Learning multimodal representations for sample-efficient recognition of human actions
This work addresses the challenge of sample-efficient human action recognition for artificial agents in household environments, presenting an incremental improvement with a novel multimodal representation.
The paper tackled the problem of representing human actions for artificial agents by introducing 'motion concepts', a multimodal representation combining kinematics, location, and objects, and developed the OMCL algorithm for learning and recognizing these concepts. OMCL outperformed standard motion recognition algorithms in a one-shot recognition task in a virtual-reality household environment, demonstrating sample-efficient recognition.
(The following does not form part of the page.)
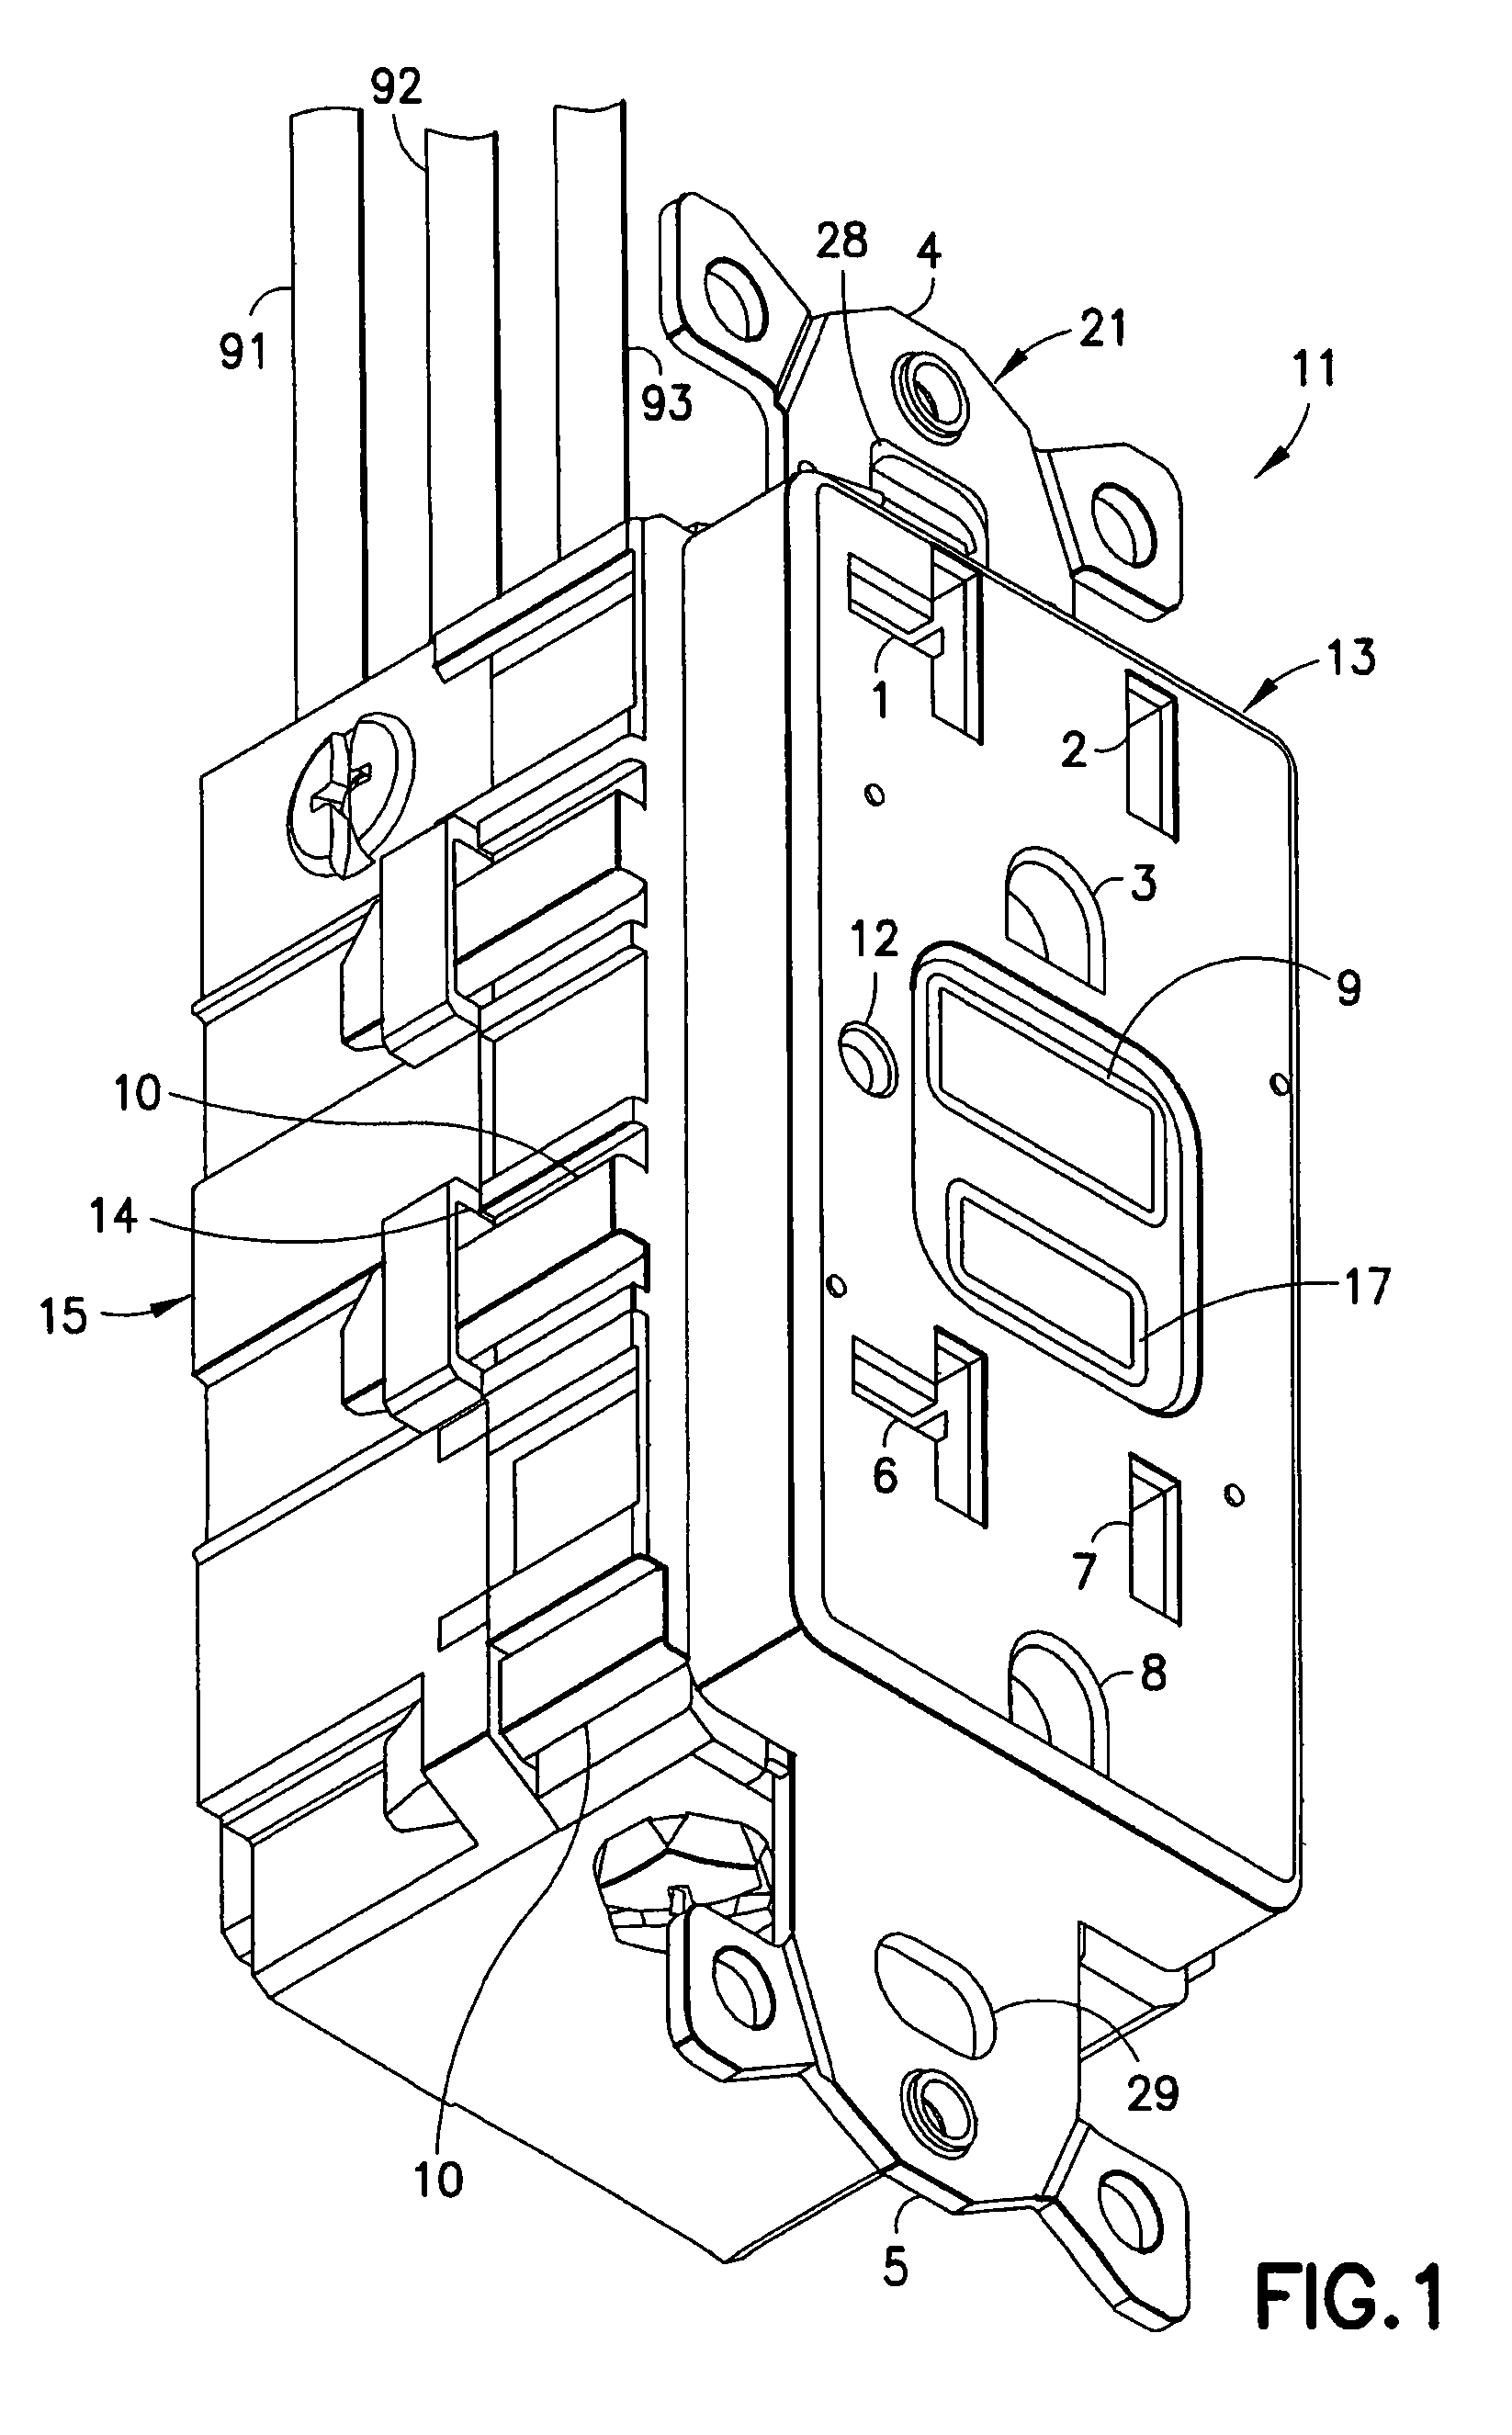 Low profile electrical device assembly

Humans interact in rich and diverse ways with the environment. However, the representation of such behavior by artificial agents is often limited. In this work we present \textit{motion concepts}, a novel multimodal representation of human actions in a household environment. A motion concept encompasses a probabilistic description of the kinematics of the action along with its contextual background, namely the location and the objects held during the performance. Furthermore, we present Online Motion Concept Learning (OMCL), a new algorithm which learns novel motion concepts from action demonstrations and recognizes previously learned motion concepts. The algorithm is evaluated on a virtual-reality household environment with the presence of a human avatar. OMCL outperforms standard motion recognition algorithms on an one-shot recognition task, attesting to its potential for sample-efficient recognition of human actions.